Weiter darf nicht übersehen werden, daß es eine „tarifliche Vergütung” für angestellte Lehrer nicht gibt. Nach Nr. 5 der Vorbemerkungen zu allen Vergütungsgruppen gilt die Anlage 1 a zum BAT nicht für Angestellte, die als Lehrkräfte beschäftigt sind. Ihre Vergütung wird durch ministerielle Eingruppierungserlasse geregelt, deren Inhalt jedoch arbeitsvertraglich vereinbart werden muß (vgl. BAG Urteil vom 30. Januar 1980 – 4 AZR 1098/77 – AP Nr. 6 zu §§ 22, 23 BAT Lehrer, m.w.N.). Deshalb sind die Vergütungen der unter Nr. 5 der Vorbemerkungen fallenden Beschäftigten solche vertraglicher Art, und lediglich ihre Höhe ist durch Heranziehung der Vergütungssätze des BAT an der tariflichen Vergütung ausgerichtet. Hieraus ergeben sich zusätzliche Bedenken dagegen, die Ausschlußklausel des BAT mit der nach § 612 Abs. 2 BGB zu bestimmenden Höhe der Vergütung in Verbindung zu bringen.

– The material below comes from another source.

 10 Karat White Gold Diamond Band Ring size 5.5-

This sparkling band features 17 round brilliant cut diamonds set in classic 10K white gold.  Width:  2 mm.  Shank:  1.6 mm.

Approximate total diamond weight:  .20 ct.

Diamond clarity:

2. Da eine unmittelbare Geltung des § 70 BAT für die streitbefangene Zeit schon deswegen nicht in Betracht kommt, weil § 3 Buchst. q BAT in der bis zum 31. Dezember 1987 maßgeblichen Fassung Angestellte mit weniger als der Hälfte der regelmäßigen Arbeitszeit eines entsprechenden vollzeitbeschäftigten Angestellten von der Tarifgeltung ausschloß (und auch weiterhin in nur geringfügig verändertem zeitlichen Umfang ausschließt), hätten die Parteien die Anwendbarkeit des § 70 BAT vertraglich vereinbaren müssen (wie dies in dem vom Senat am 25. Januar 1989, BAGE 61, 43 = AP Nr. 2 zu § 2 BeschFG 1985, entschiedenen Rechtsstreit der Fall war). Daß dies geschehen sei, ist nicht festgestellt und von den Parteien auch nicht vorgetragen worden.

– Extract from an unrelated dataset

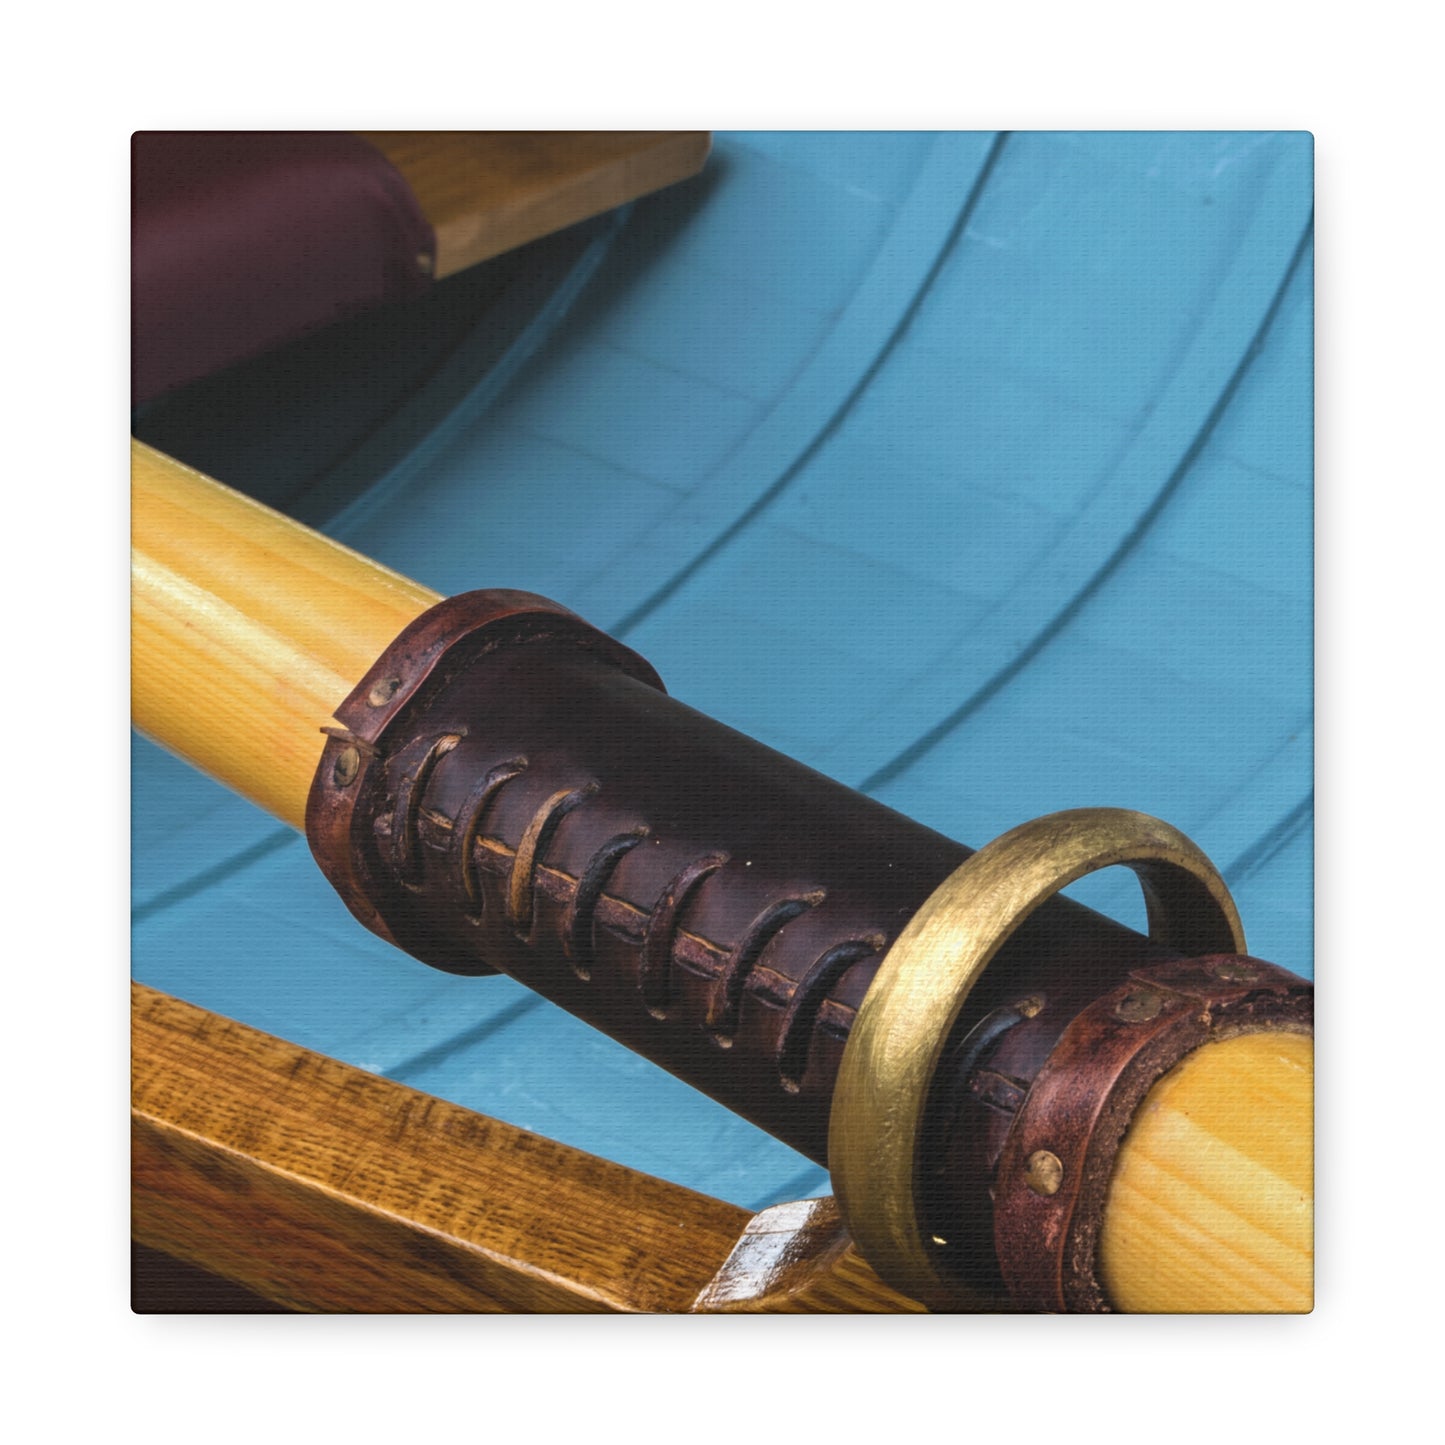 Boats 05 - Gallery Wrapped Canvas 10″ x 10″ Premium Gallery Wraps (1.25″)

3. Der Kläger braucht sich nicht entgegenhalten zu lassen, er wolle zwar die Vorteile der tariflichen Vergütung für sich in Anspruch nehmen, andererseits aber die damit üblicherweise verbundenen Ausschlußregelungen nicht gegen sich gelten lassen. Tarifliche Ausschlußklauseln müssen, wenn sie nicht kraft Tarifgebundenheit der Vertragsparteien gelten, ausdrücklich vereinbart werden. Eine solche Vereinbarung wäre auch für die ursprünglichen Vertragsbeziehungen der Parteien zulässig gewesen. Daß sie für den Kläger nicht getroffen worden ist, kann nicht zu seinem Nachteil ausschlagen.

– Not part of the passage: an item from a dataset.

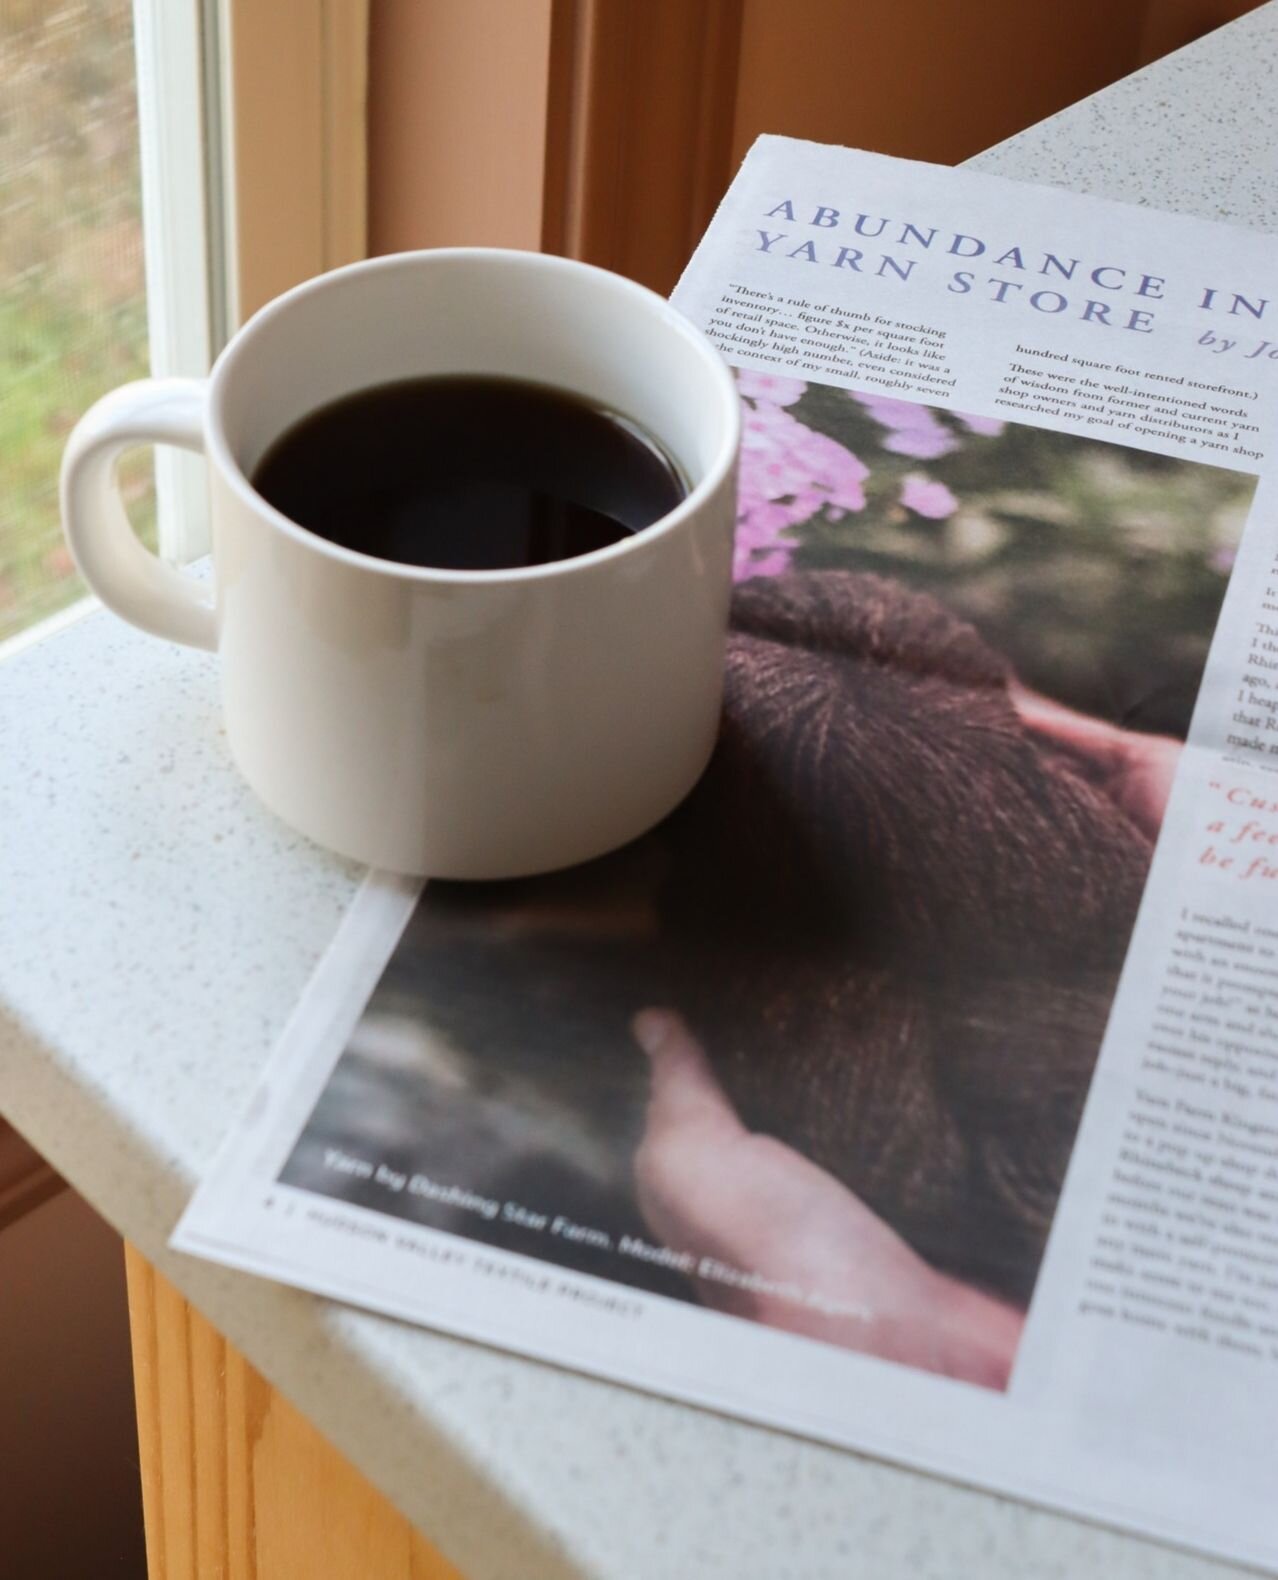 The calmest way to start your mornings this time of year: coffee and Common Threads! Readers, what is your favorite aspect of this publication so far?

4. Schließlich kann sich die Beklagte nicht darauf berufen, der Anspruch des Klägers sei wegen illoyaler Verspätung gemäß § 242 BGB verwirkt. Zur Verwirkung gehört auch der Umstand, daß dem Schuldner die Erfüllung der verspätet geltend gemachten Forderung nach Treu und Glauben nicht mehr zuzumuten ist. Daß dies der Fall sei, dazu hat die Beklagte nichts vorgetragen.